Directions: Exactly the lines below from the line with "Pesada, Kefalonia, Ionian" through the line with "Untitled (Hand), 1997" must make up the answer, both ends included and pictures left out.

Input data:
Segment Open
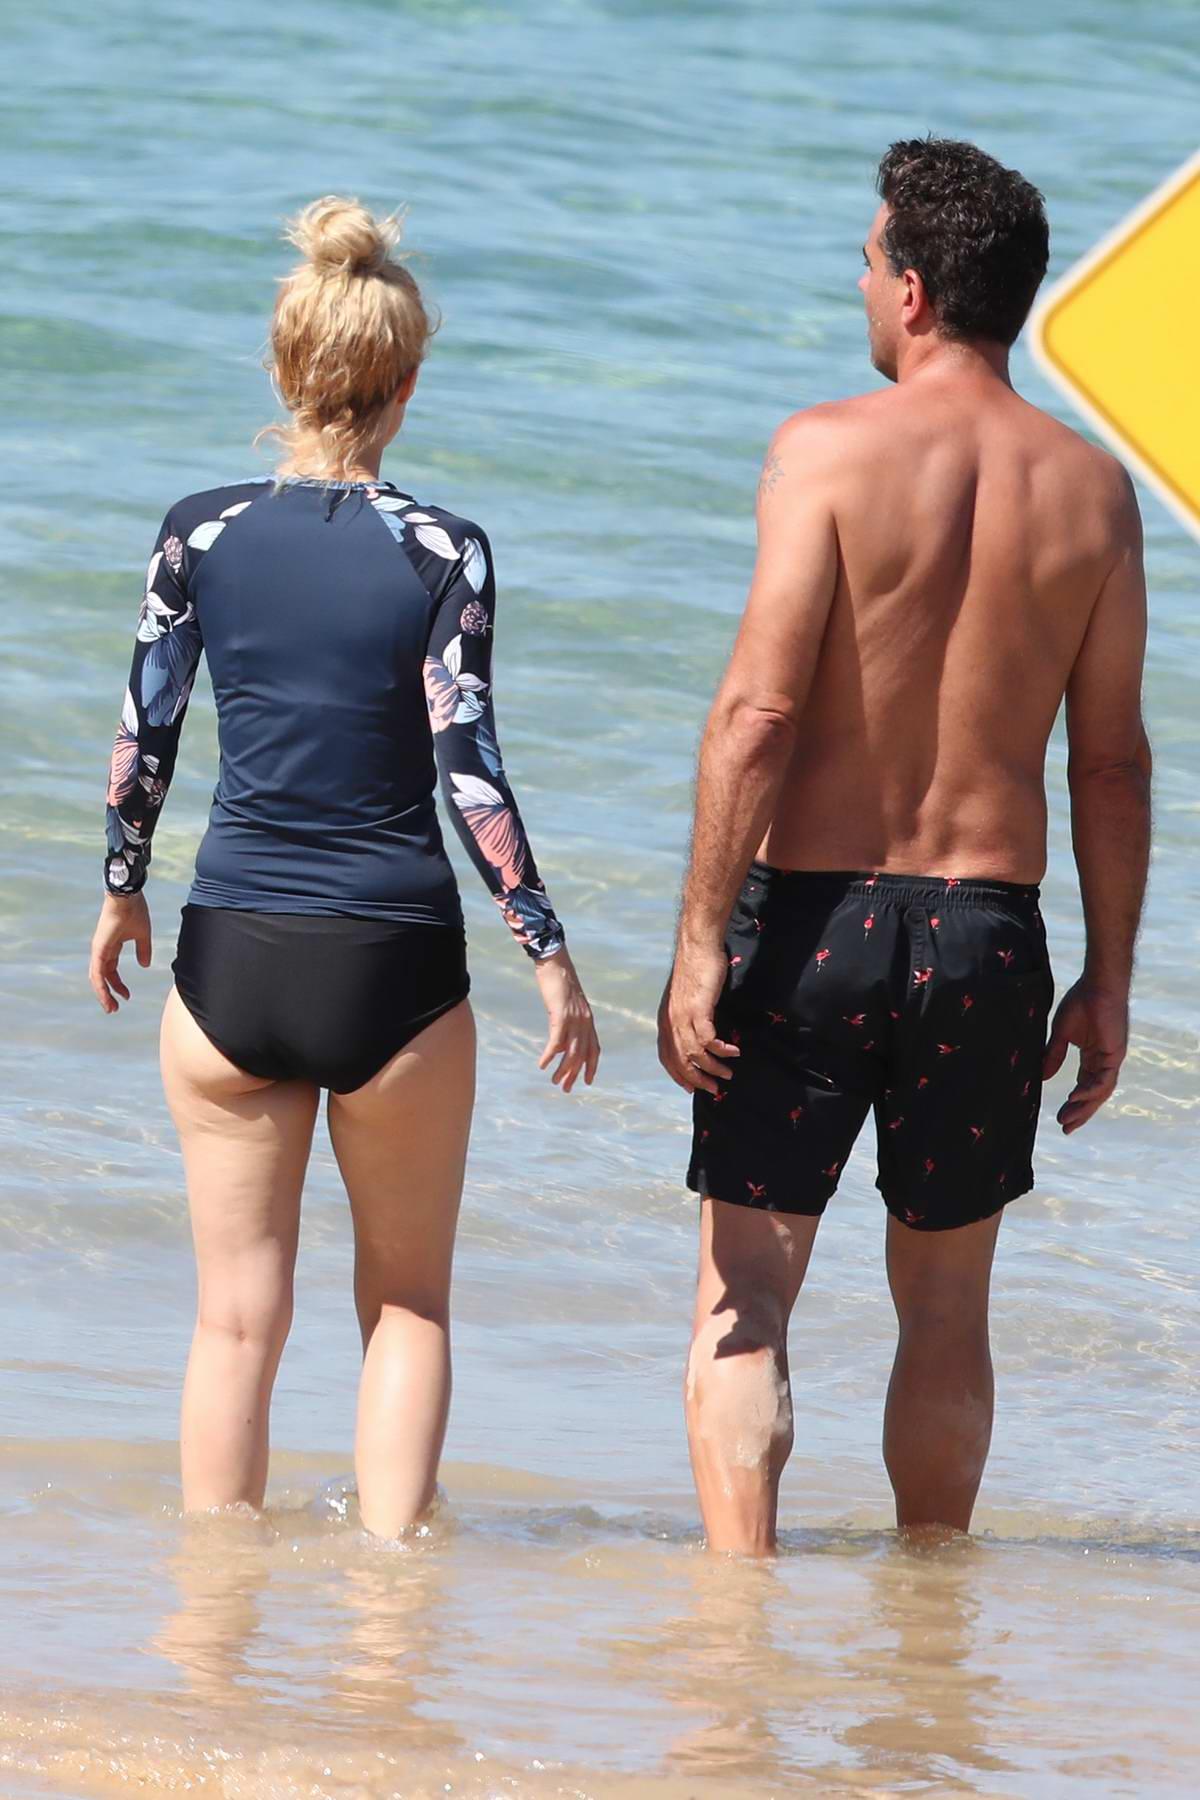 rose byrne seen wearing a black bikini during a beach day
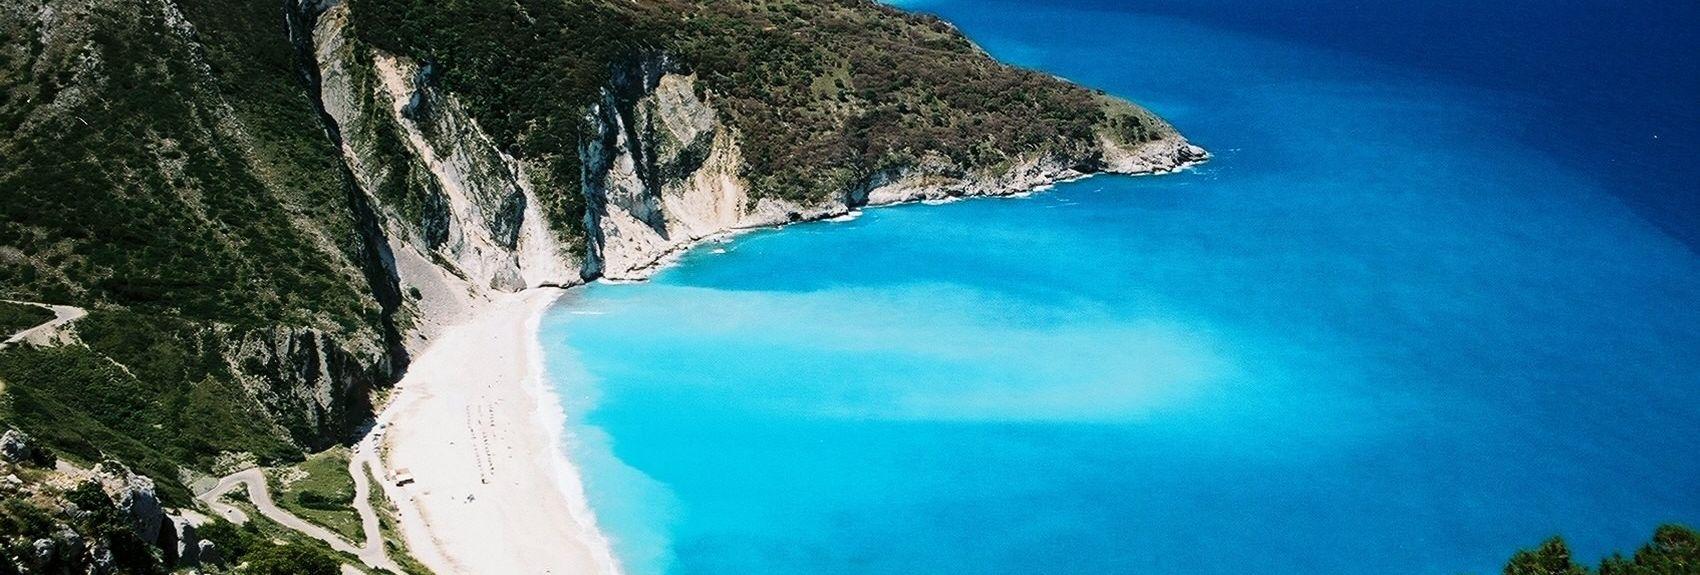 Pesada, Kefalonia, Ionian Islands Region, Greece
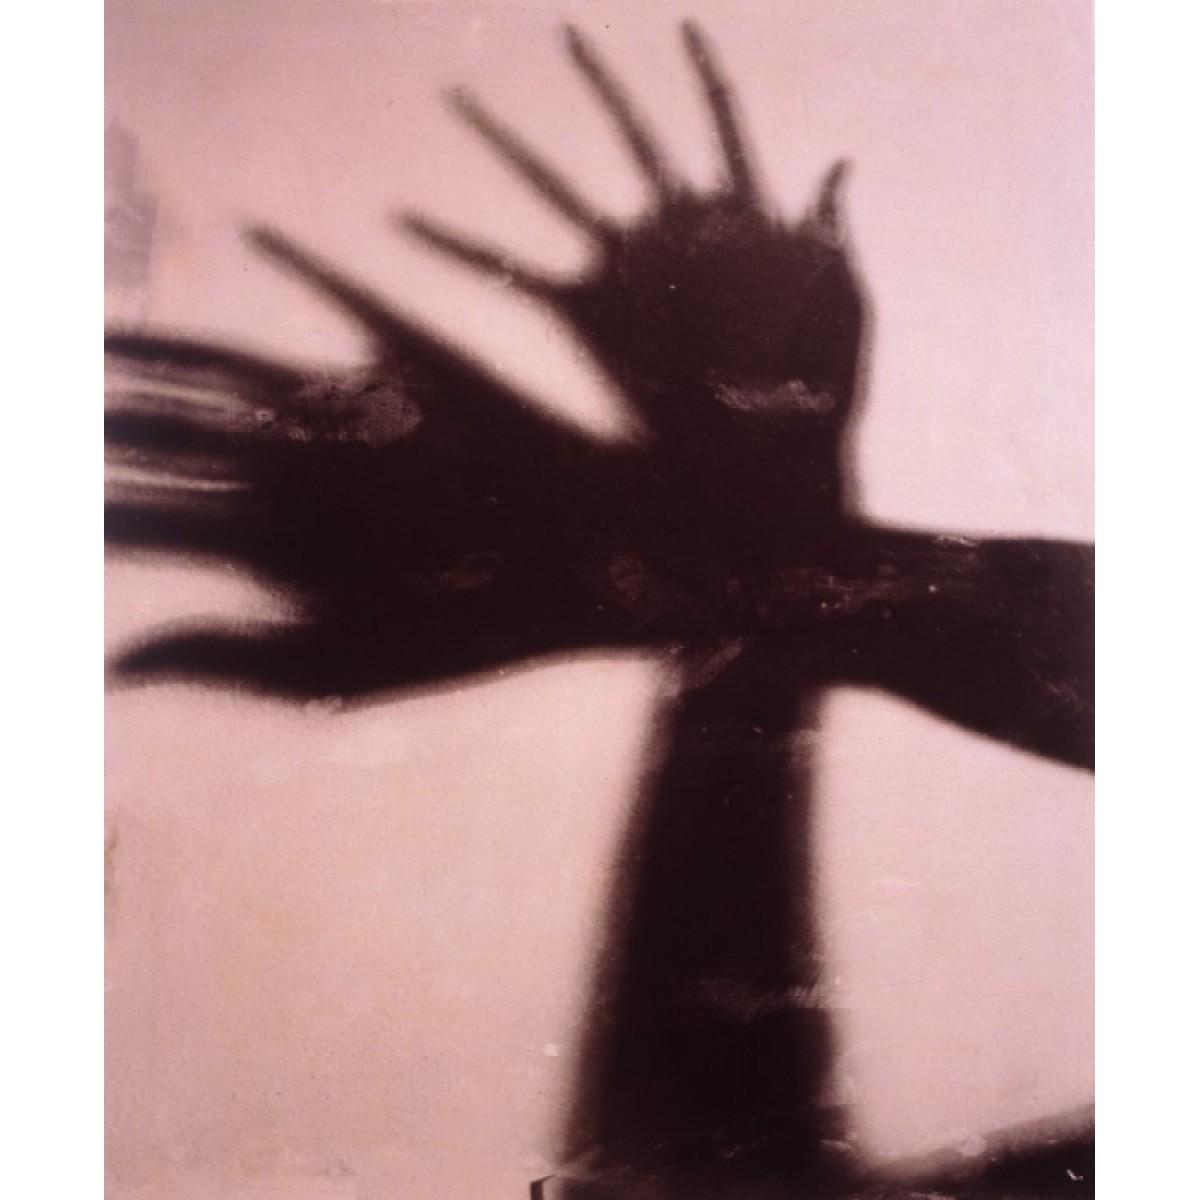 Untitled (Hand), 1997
Segment Closed
Segment Open
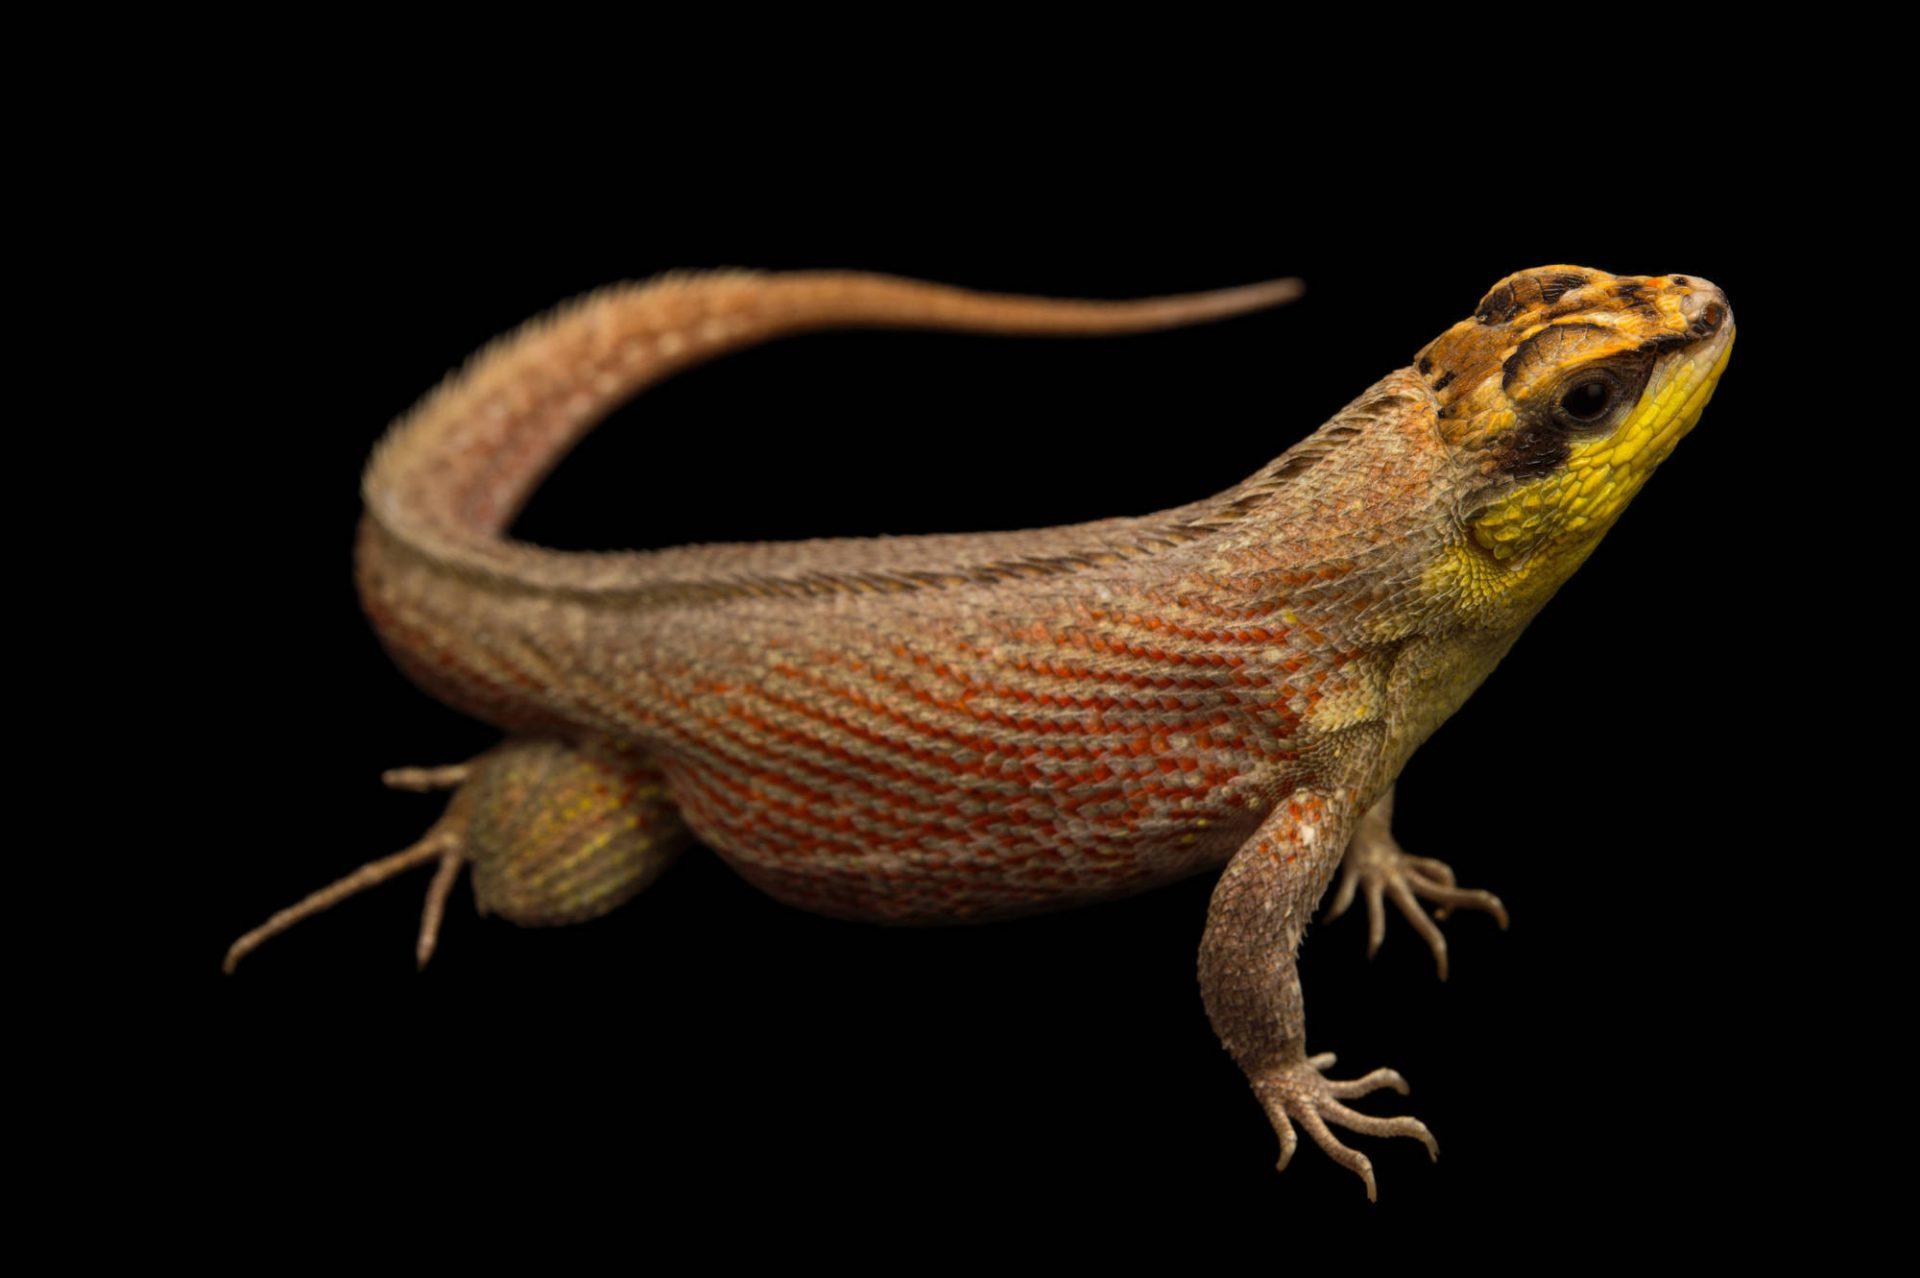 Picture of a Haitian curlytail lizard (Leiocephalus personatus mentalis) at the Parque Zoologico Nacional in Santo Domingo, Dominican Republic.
Segment Closed
Exercise solution:
 Pesada, Kefalonia, Ionian Islands Region, Greece
 Untitled (Hand), 1997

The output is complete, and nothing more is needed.